2021-12-06 16:10:00 - 17:00:00 @ Rm 1801, Guanghua East Tower
[poster]
- Title:
Modeling and Decoupling Systemic Risk into Endopathic and
Exopathic Competing Risks
- Speaker: Jingyu Ji (Fudan University)
- Advisor: Zhengjun Zhang (UW–Madison)
Abstract: Click to expand
In this talk, we propose a new nonlinear time series model:
autoregressive conditional accelerated Fréchet (AcAF) model
and introduce two new endopathic and exopathic competing
risk measures for better learning risk patterns, decoupling
systemic risk, and making better risk management. We establish
the probabilistic properties of stationarity and ergodicity
of the AcAF model. Statistical inference is developed
through conditional maximum likelihood estimation. The
consistency and asymptotic normality of the estimators are
derived. Simulation demonstrates the efficiency of the proposed
estimators and the AcAF model's flexibility in modeling
heterogeneous data. Empirical studies on the stock returns
and the cryptocurrency trading show the superior performance
of the AcAF model in terms of the identified risk patterns,
enhancing the understanding of the systemic risks of a market
and their causes, and making better risk management possible.

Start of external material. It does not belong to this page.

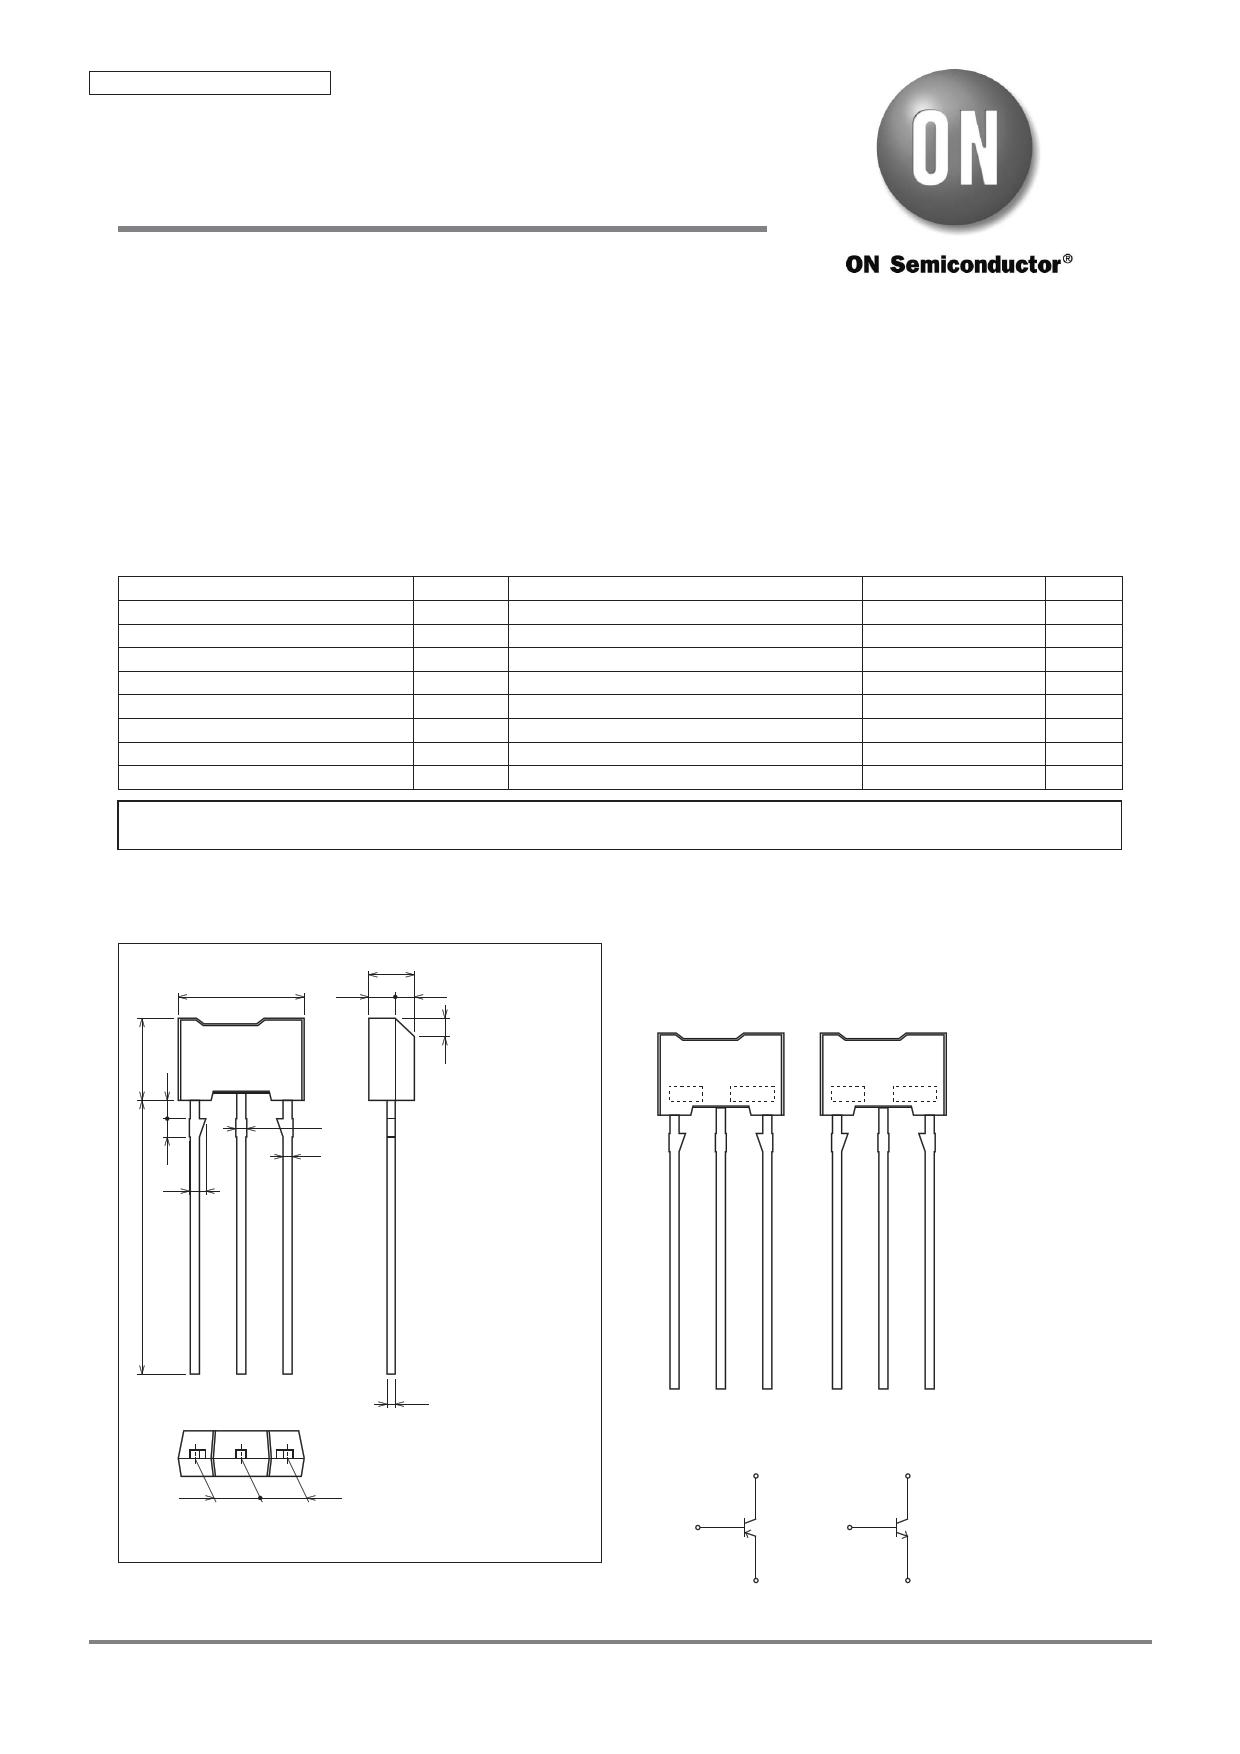 2SA1709 데이터시트 및 2SA1709 PDF
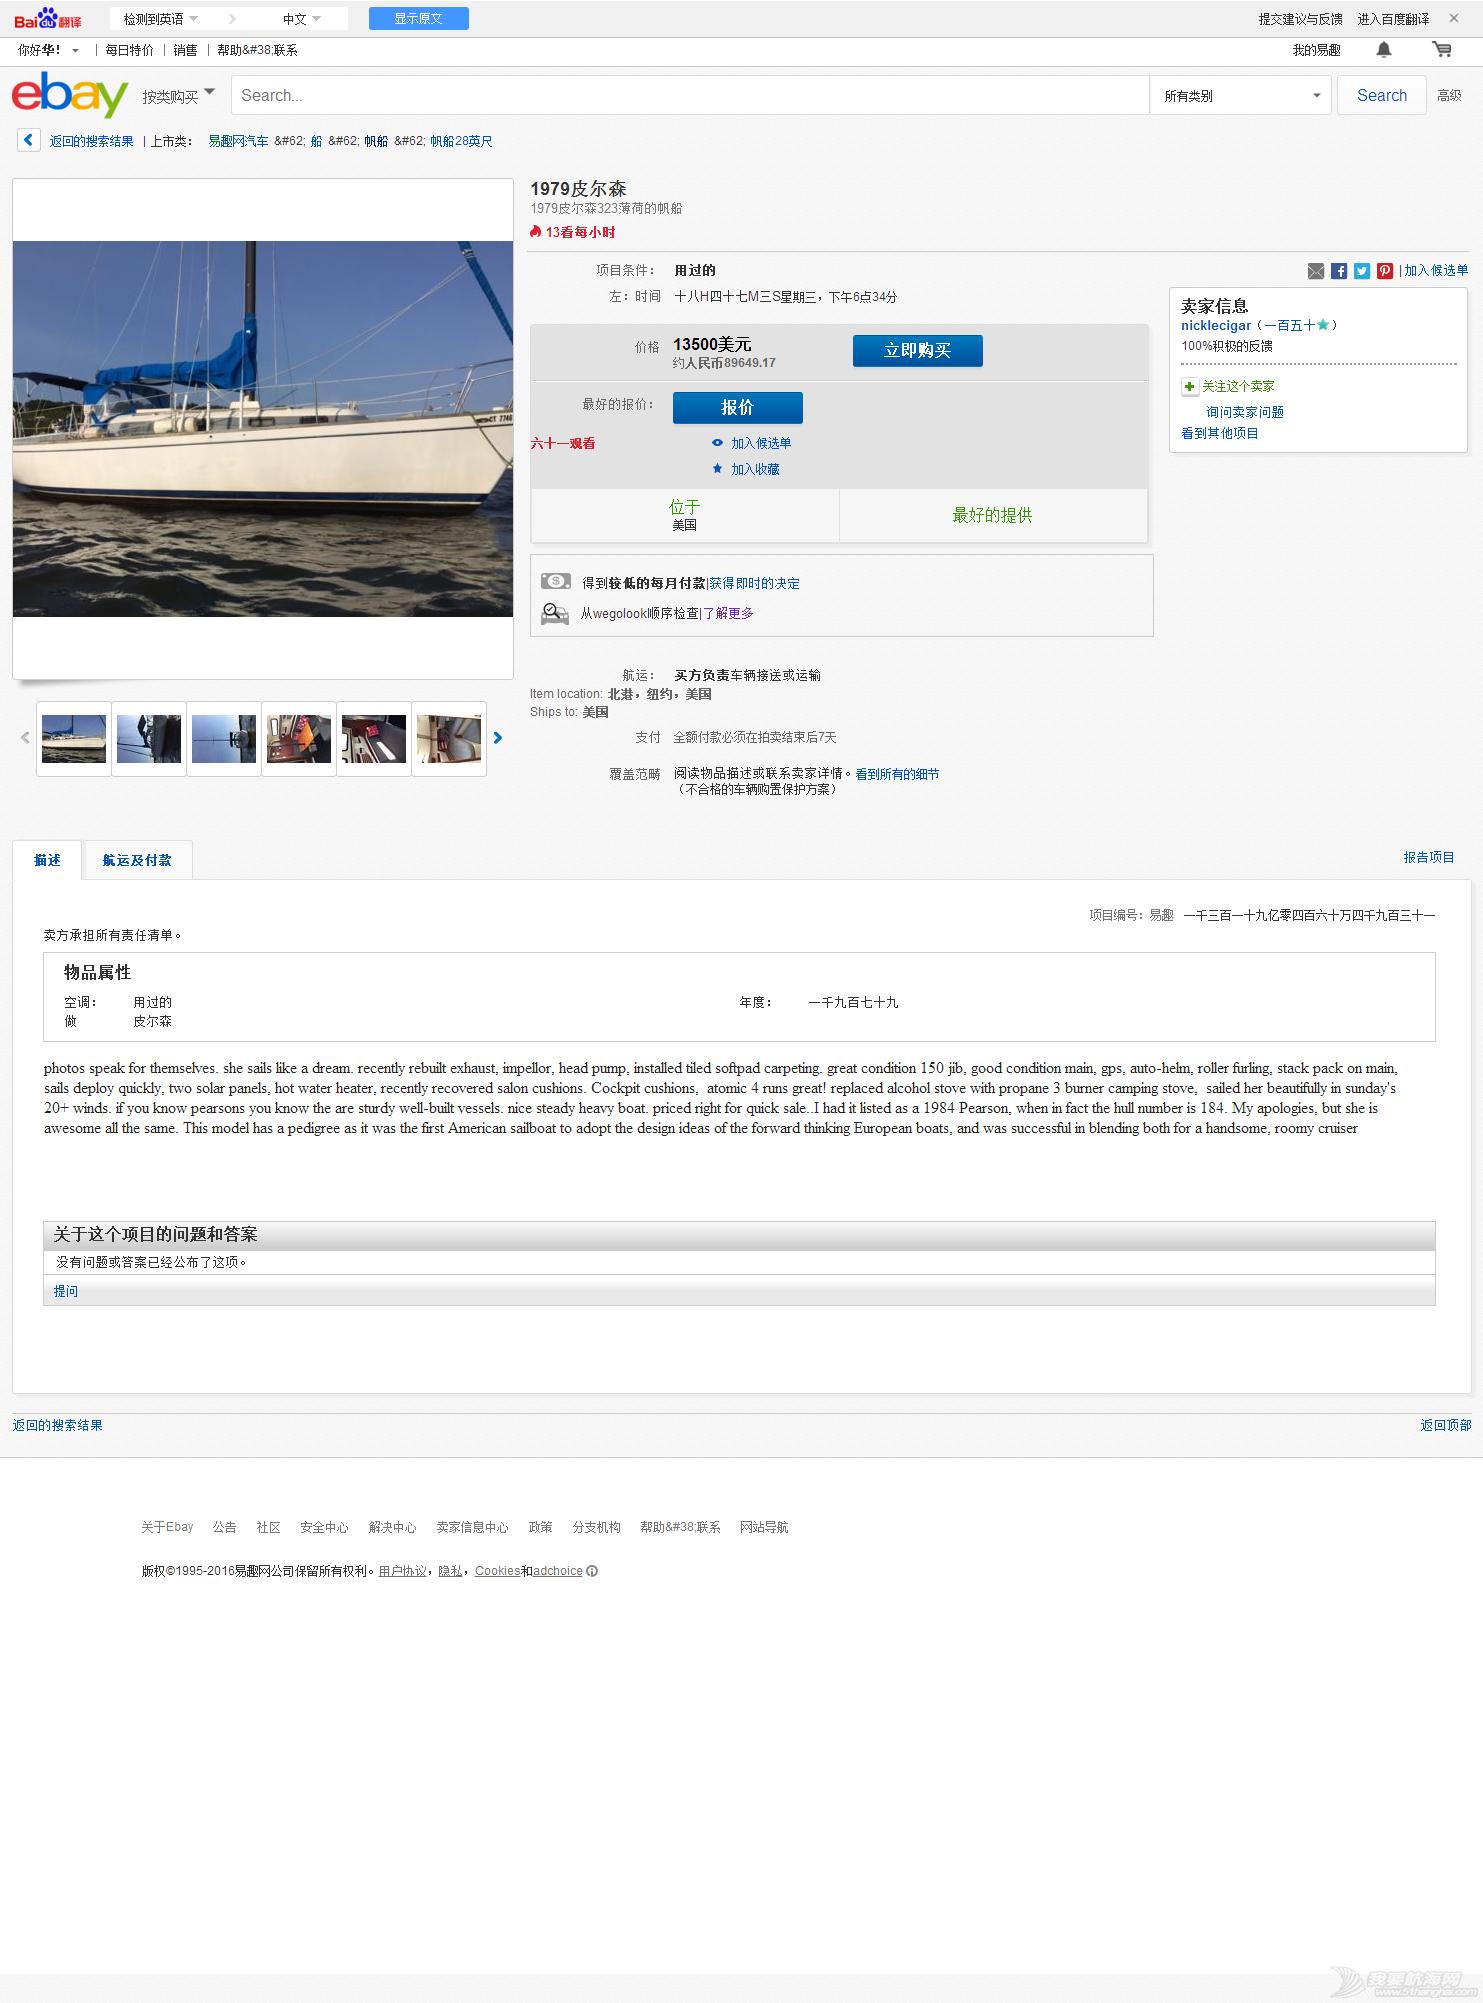 美国,二手,帆船,翻新,托运 想买美国二手帆船托运回国,翻新改造可行吗? 1979皮尔森323薄荷帆船易趣网.png

2021-12-13 16:10:00 - 17:00:00 @ Rm 1801, Guanghua East Tower
[poster]
- Title:
Stochastic adaptive control of stabilization and synchronization
- Speaker: Xiaoxiao Peng (Fudan University)
- Advisor: Wei Lin (Fudan University)
Abstract: Click to expand
This result is completed by Dr.Zhou Shijie affiliated to
Dr.Lin Wei. Here, we design a scenario for stochastic adaptive
control. Firstly, we theoraticlly prove the feasibility on
stabilization, synchronization and parameter identification in terms
of multi-dimension Brownian motion. And the criterion for specific
noise is provided here. At last, we verify its feasibility by giving
some typical examples of dynamical systems.